AT&T's stock fell 4% in premarket trading Tuesday after the telecoms behemoth cut its dividend payout to $1.11 per share from $2.08.

The dividend drop, according to the firm, reflects the distribution of WarnerMedia to AT&T stockholders.

Today, AT&T's board of directors approved separating WarnerMedia from the company and merging it with the rest of the media division with Discovery.AT&T to spin off WarnerMedia in $43 billion Discovery merger, cuts dividend  | Reuters

AT&T will receive $43 billion in cash and other considerations as part of the agreement, while AT&T shareholders will acquire approximately 71% of the new firm, Warner Bros Discovery, in shares. For each AT&T share they own, they will receive 0.24 WBD shares.

WBD will be owned by Discovery shareholders to the tune of around 29%.

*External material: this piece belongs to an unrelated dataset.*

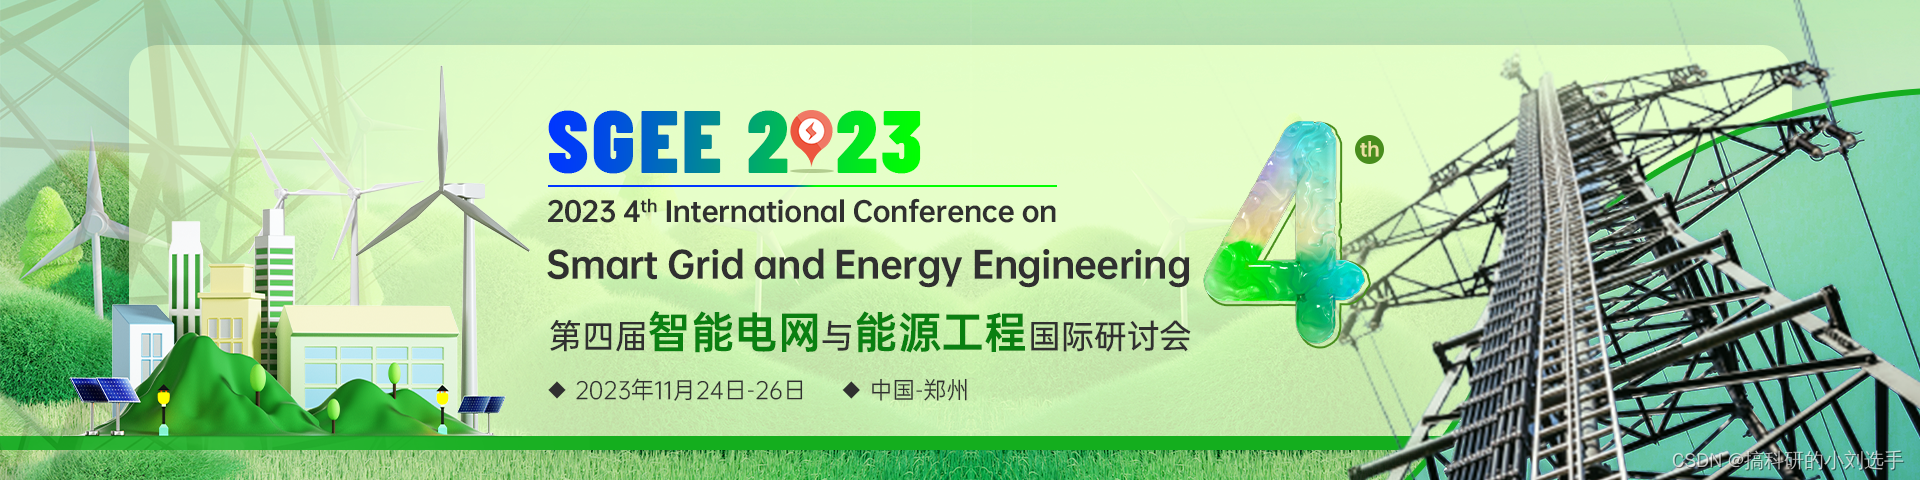 【EI检索会议】第四届智能电网与能源工程国际研讨会（SGEE 2023）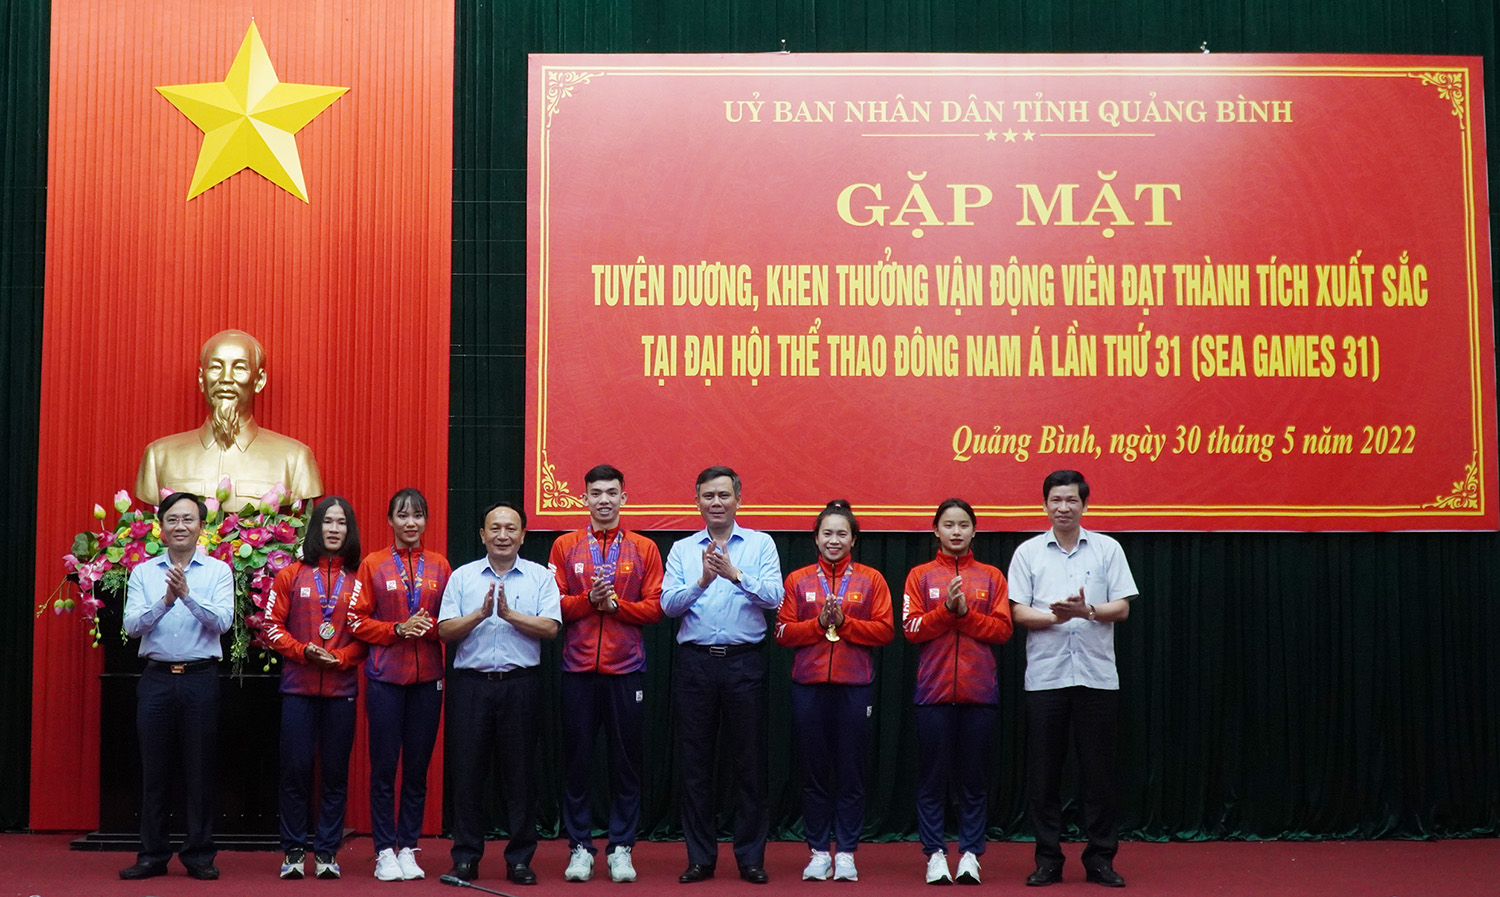 Các đồng chí lãnh đạo tỉnh chúc mừng các VĐV đoàn Quảng Bình hoàn thành xuất sắc nhiệm vụ tại đấu trường SEA Games 31.

AT&T intends to use some of the earnings to pay down its debt, which totaled more than $156 billion at the end of December. AT&T forecasts its net debt to shrink to 2.5 times adjusted EBITDA by the end of 2023, down from 3.2x presently.

WBD will be up against Netflix and Disney+ at a time when subscriber numbers are dwindling and content expenditures are rising. HBO Max, owned by WarnerMedia, rose quicker in the fourth quarter, with 74 million customers at the end of the year.